1

I have multiple threads each accepting requests, doing some processing, storing the result in a commit log, and returning the results. In order to guarantee that at most x seconds worth of data is lost, this commit log needs to be fsync'd every x seconds.

I would like to avoid synchronization between threads, which means they each need to have their own commit log rather than a shared log - is it possible to fsync all these different commit logs regularly in a performant way?

This is on Linux, ext4 (or ext3)

(Note: due to the nature of the code, even during normal processing the threads need to re-read some of their own recent data from the commit log (but never other threads commit log data), so I believe it would be impractical to use a shared log since many threads need to read/write to it)

John Smith
  • 11
  • 1

1 Answers1

0

If you only need flushing to happen every few seconds, do you need to fsync() at all? I.e. the OS should do it for you fairly regularly (unless the system is under heavy load and disk I/O is in short supply).

Otherwise, have your threads do something like:

if (high_resolution_time() % n == 0) {
  fsync();
}

Where n is a value that would be e.g. 3 if high_resolution_time() returned returned Unix EPOCH time (which is expressed in seconds). Would make the thread flush the file every 3 seconds.
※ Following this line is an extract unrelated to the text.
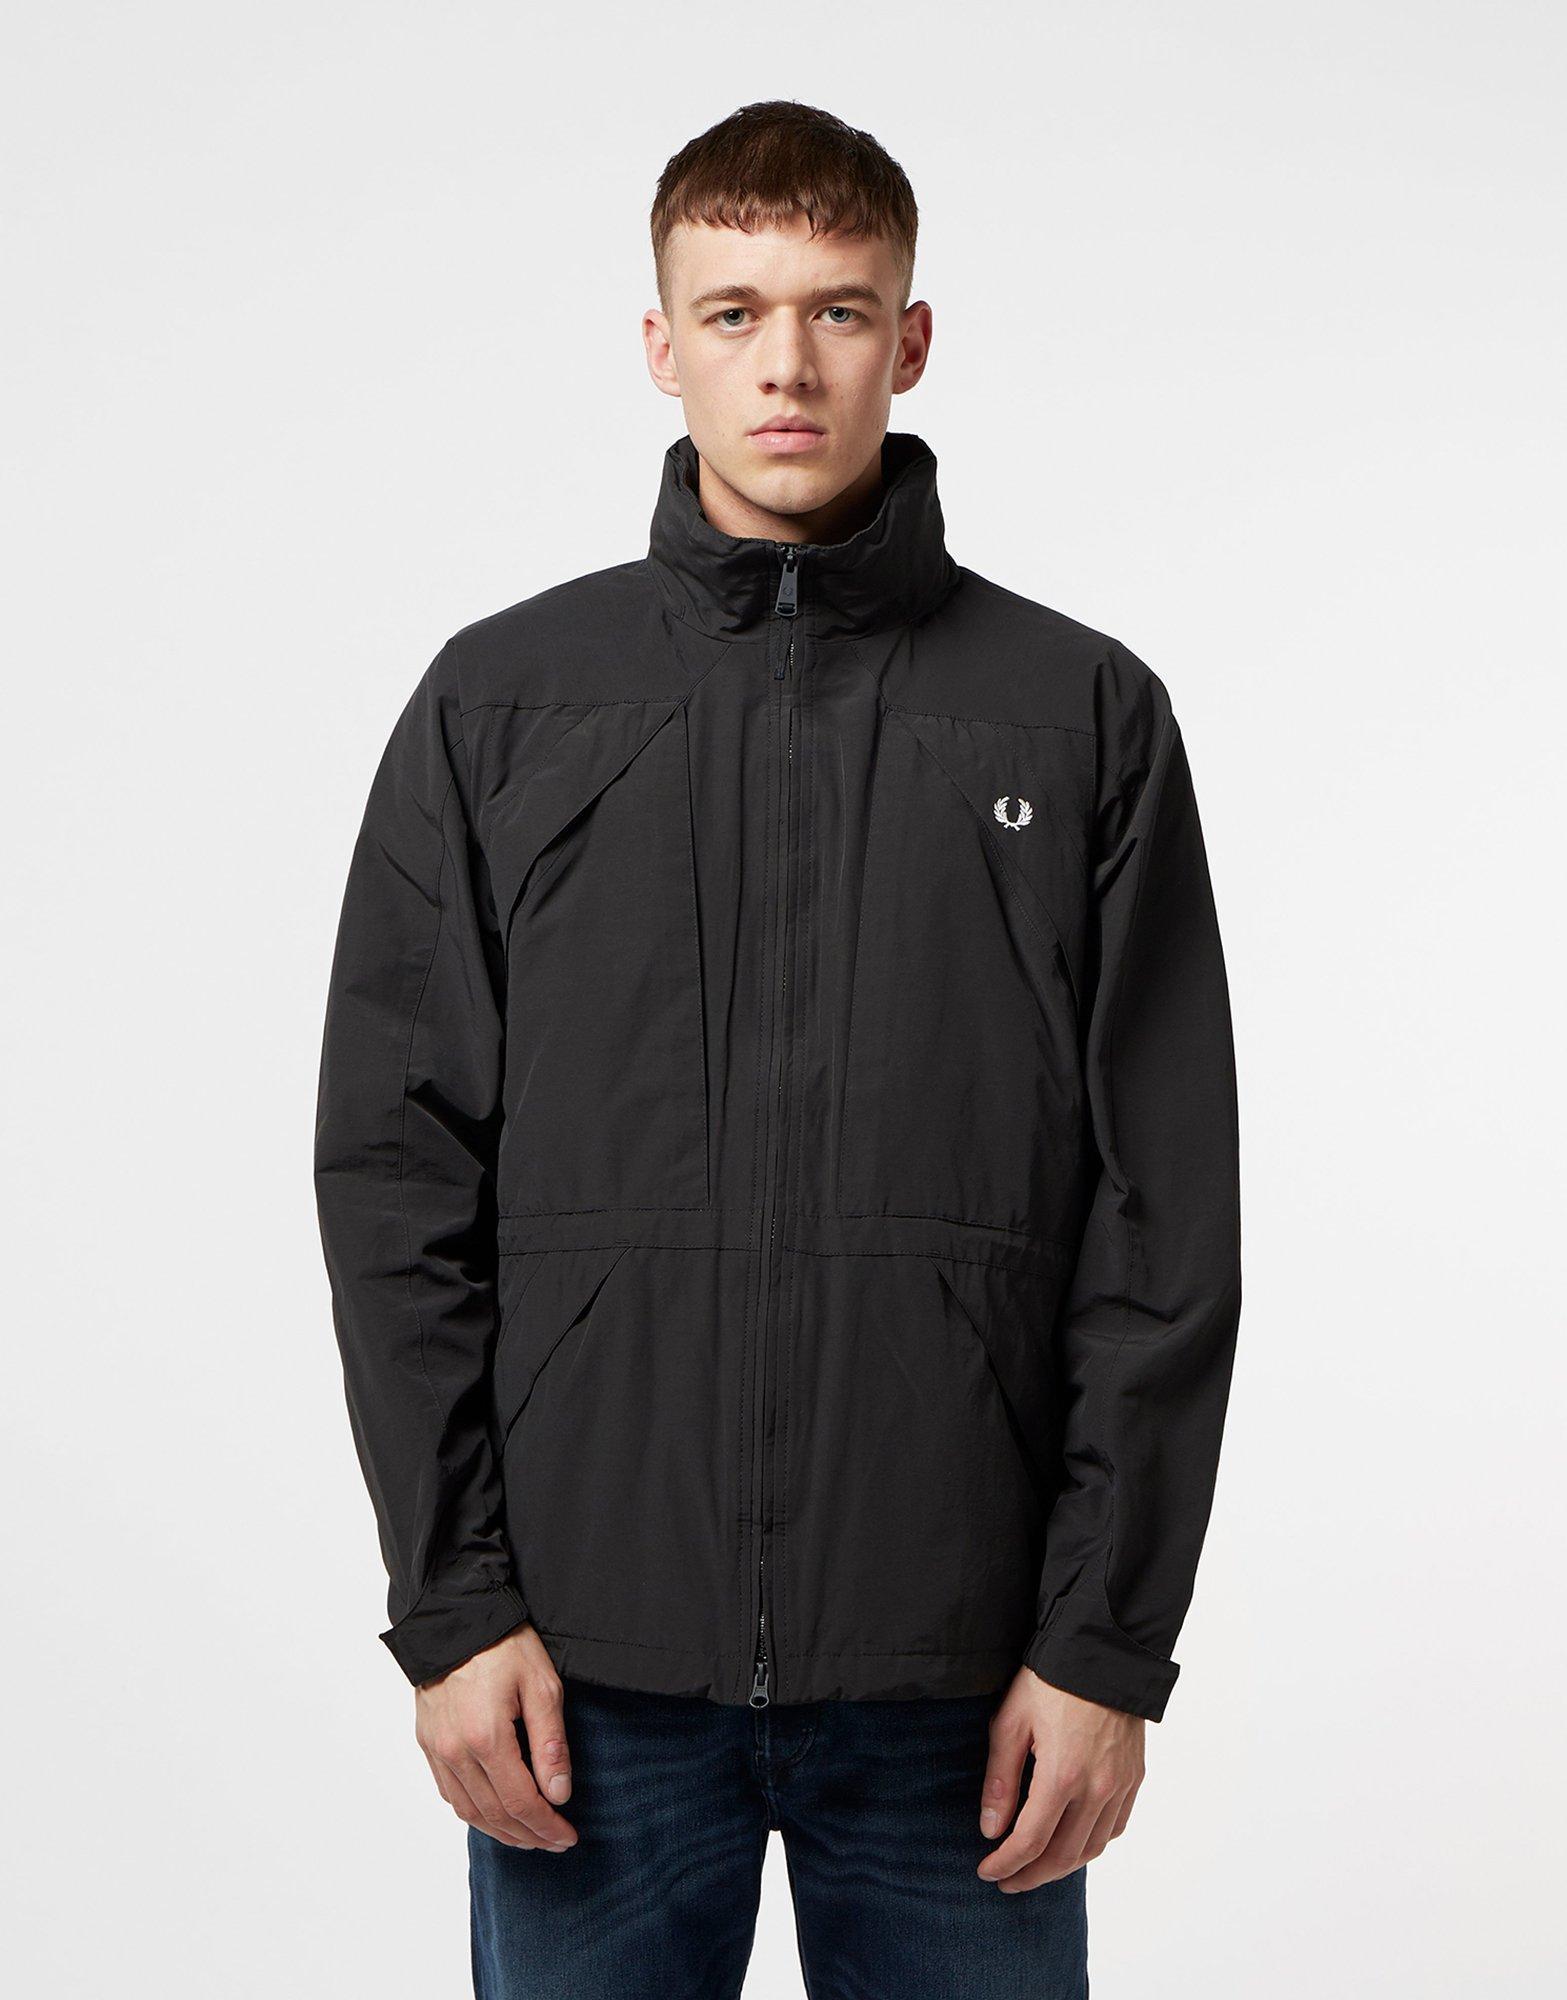 Fred Perry Cotton Offshore Lightweight Jacket in Black for Men - Lyst

The problem, of course, is that you need much higher clock resolution to avoid having a thread that passes this code section several times per second not flush its file multiple times in quick succession. I don't know what programming language you use, but in C on Linux you could use gettimeofday:

struct timeval tv;
gettimeofday(&tv, null);
double x = (double)tv.tv_sec * (double)1000000 + (double)tv.tv_usec; 
if (x % 3000000 == 0) {  // fsync every 3 seconds
  fsync();
}
Ragnar
  • 1,122
  • 1
  • 9
  • 16